ETH-Forschende entwickeln ultraschallgesteuerte künstliche Muskeln aus Silikon

von | Okt. 31, 2025 | Forschung, Gesundheit

Forschende der ETH Zürich haben eine neue Art künstlicher Muskeln aus Silikon entwickelt, die mit eingeschlossenen Luftblasen versehen sind und sich durch Ultraschallimpulse gezielt verformen lassen. Die drahtlose Steuerung ermöglicht Anwendungen in Robotik und Medizin, wie einen weichen Greifarm, einen stachelrochenförmigen Roboter und medizinische Pflaster für die gezielte Abgabe von Wirkstoffen. Bisher handelt es sich um Laborversuche, die jedoch vielversprechende Perspektiven für zukünftige Einsätze eröffnen.

Die künstlichen Muskeln bestehen aus flexiblen Silikonmembranen, die mit Tausenden winziger Poren strukturiert sind. Jede Pore misst etwa 100 Mikrometer in Tiefe und Breite, vergleichbar mit der Dicke eines menschlichen Haars. Beim Eintauchen in Wasser bleiben Luftblasen in diesen Poren gefangen. Treffen Ultraschallwellen auf die Blasen, schwingen diese und erzeugen eine gerichtete Strömung, die die Membran bewegt. Durch Variation von Größe, Form und Anordnung der Blasen lassen sich Bewegungen von einfachen Krümmungen bis zu wellenförmigen Mustern erzeugen. Die Reaktion erfolgt innerhalb von Millisekunden und erfordert keine Kabel.

Ein Stachelrochen-Roboter aus künstlichen Muskeln mit Mikroblasen, der sich mittels Ultraschalls navigieren lässt und bspw. Medikamente an den richtigen Ort bringen kann. | Copyright: Shi Z et al. Nature 2025
Ein Stachelrochen-Roboter aus künstlichen Muskeln mit Mikroblasen, der sich mittels Ultraschalls navigieren lässt und bspw. Medikamente an den richtigen Ort bringen kann. | Copyright: Shi Z et al. Nature 2025

In Demonstrationen zeigten die Forscher die Vielseitigkeit der Technik. Ein miniaturisierter Greifarm konnte eine Zebrafisch-Larve im Wasser sanft umfassen und wieder freisetzen, ohne Schaden anzurichten. Ein weiteres Beispiel ist ein vier Zentimeter breiter Roboter in Form eines Stachelrochens, dessen Flossen aus den künstlichen Muskeln bestehen. Durch Ultraschall entsteht eine wellenförmige Bewegung, die den Roboter durch Wasser gleiten lässt. Langfristig könnte dieser Roboter im Magen-Darm-Trakt Medikamente gezielt freisetzen oder minimal-invasive Eingriffe unterstützen. Für den Transport lässt er sich aufrollen und in einer auflöslichen Kapsel schlucken.
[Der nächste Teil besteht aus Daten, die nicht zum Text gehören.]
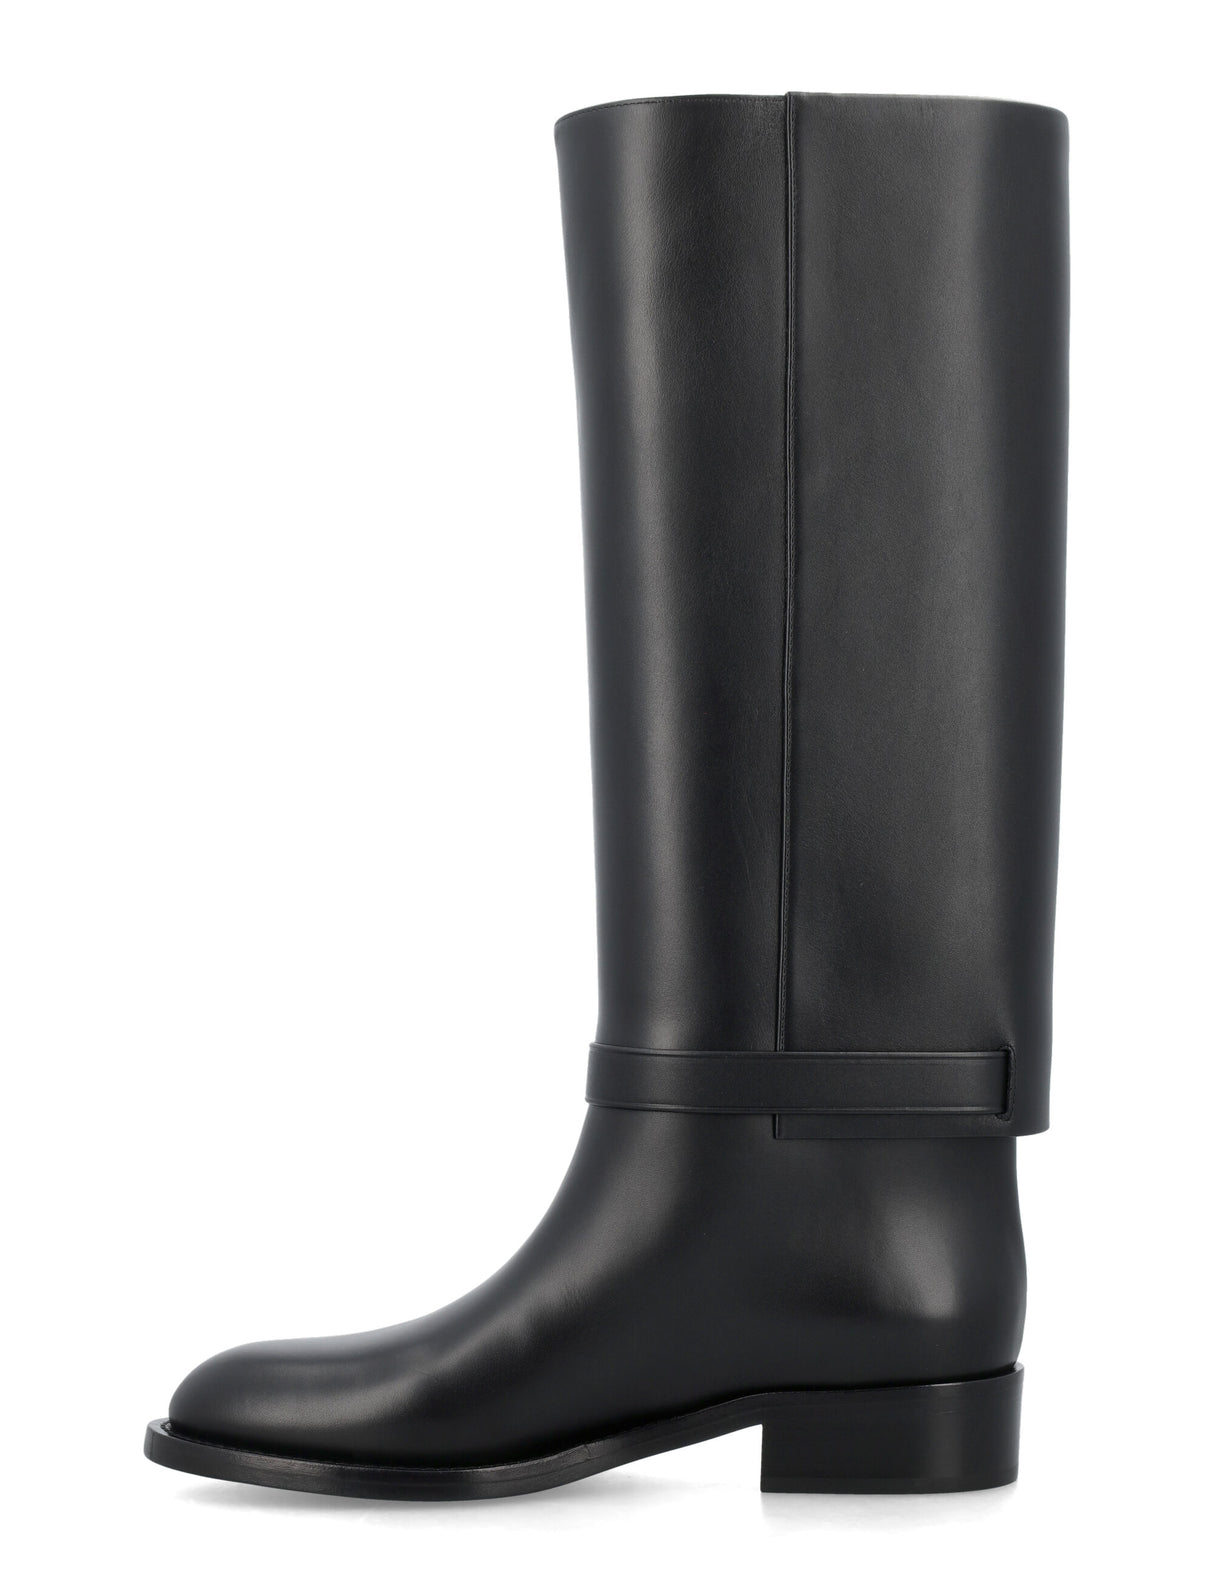 BURBERRY Black Leather Horse Boots for Women - FW23 Collection

Zusätzlich konstruierten die Forschenden ein kleines Rad aus Silikon mit unterschiedlich großen Blasen, das sich durch sequenzielle Ultraschallaktivierung antreiben lässt. In Tests mit einem Schweinedarm navigierte es durch enge, kurvige Passagen. Weitere Anwendungen umfassen weiche Pflaster, die sich an gekrümmte Oberflächen anpassen und Substanzen wie Farbstoffe in Gewebemodelle einbringen können, etwa zur Behandlung von Narben oder Tumoren.

Die Forscher betonen die Kombination aus Grundlagenforschung und praktischen Demonstrationen, die die Einsatzmöglichkeiten von Medikamentenabgabe über Fortbewegung im Körper bis zu Herzpflastern aufzeigen. Die Biokompatibilität, Flexibilität und drahtlose Kontrolle machen die Muskeln besonders geeignet für sensible Umgebungen. Obwohl die Entwicklungen derzeit auf Laborexperimente beschränkt sind, sehen die Wissenschaftler großes Potenzial für Fortschritte in Medizin und Technik durch akustisch gesteuerte Systeme.